Dreaming Neon Black is the third studio album released by American heavy metal band Nevermore, and was released through Century Media in 1999. Unlike its predecessor, The Politics of Ecstasy, Dreaming Neon Black contains many slower, emotional songs.

Dreaming Neon Black is a concept album; according to Nevermore's lead singer, Warrel Dane, "it's a very simple story about a man who slowly goes insane after losing a woman that he was very close to. Progressive levels of insanity are expressed in the songs, he goes through phases of denial and self-blame, blaming God, then denouncing God. The ending is a little...tragic, a little depressing. Shakesperian. Everybody dies, it's all happy."

The story is based on a personal experience of Dane's. One of his former girlfriends, Patricia Candace Walsh, ceased contact with him when she joined a religious group and was never heard from again, and he began having nightmares of her crying out to him as she drowned. In actuality, Walsh and her husband Douglas Zyskowski were murdered by serial killer Robert Ben Rhoades in January 1990 while hitchhiking to a religious workshop in Georgia, although Dane was initially unaware of this.

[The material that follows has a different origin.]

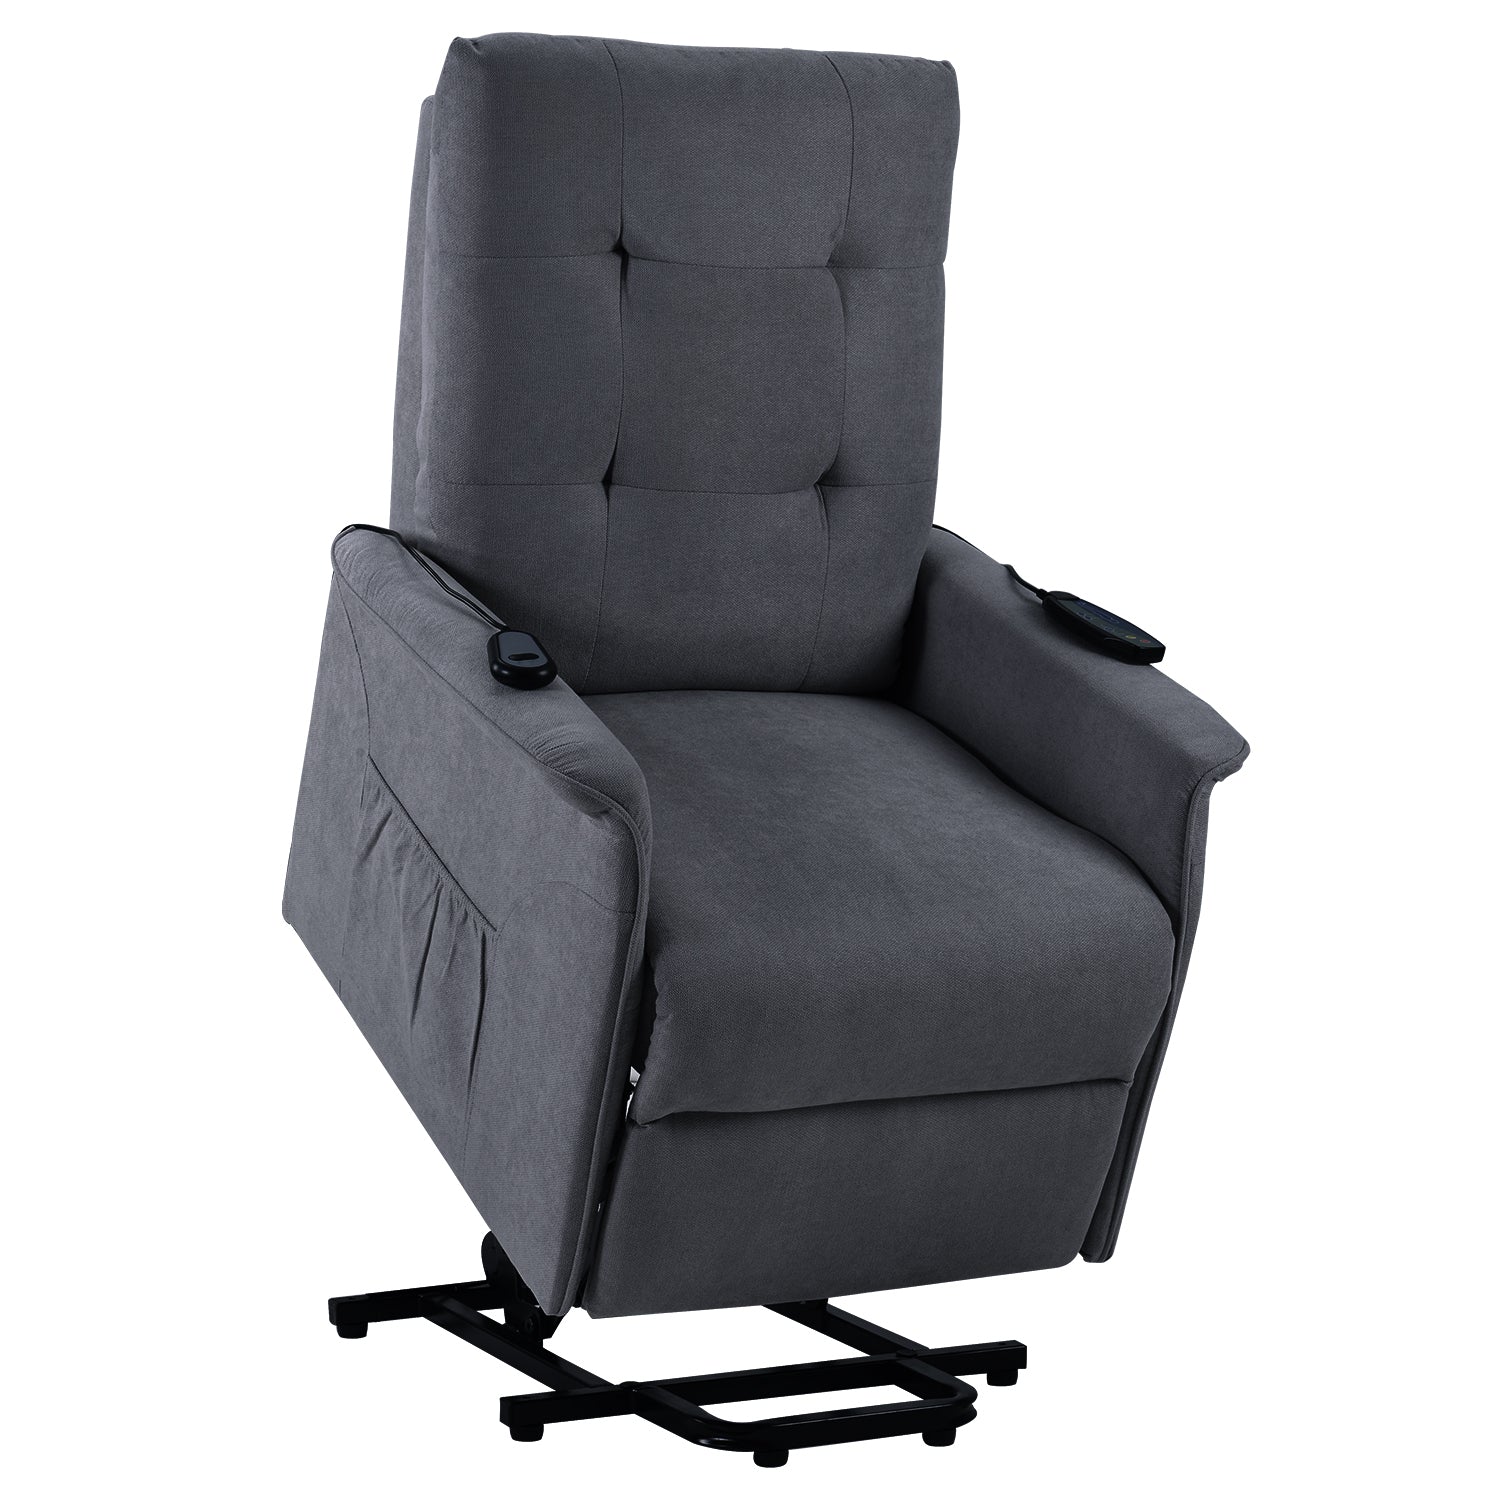 Adjustable Power Lift Recliner Chair for Elderly By: Alabama Beds

The spoken word samples from the intro "Ophidian" and its 10-second reprise at the end of "Forever" are from the Clive Barker movie Lord of Illusions.

Track listing

Note: The song Forever has a run time of 2:35, followed by six minutes and 35 seconds of silence. This silence is followed a 10-second section from the opening track Ophidian.

Credits
Nevermore
 Warrel Dane – vocals
 Jim Sheppard – bass
 Jeff Loomis – guitars
 Tim Calvert – guitars
 Van Williams – drums
Additional personnel
 Christine Rhoades – additional vocals
Production
 Neil Kernon – production, mixing, mastering
 Justin Leeah – additional engineering
 Bobby Torres – additional engineering
 Raymon Breton – mastering
 Travis Smith – illustrations, design, photography
 Karen Mason-Blair – band photography
 Louis Rusconi – additional photography www.Rusconi.com
 Brad Gilson Jr. - additional photography

References

1999 albums
Nevermore albums
Century Media Records albums
Concept albums
Albums produced by Neil Kernon
Albums with cover art by Travis Smith (artist)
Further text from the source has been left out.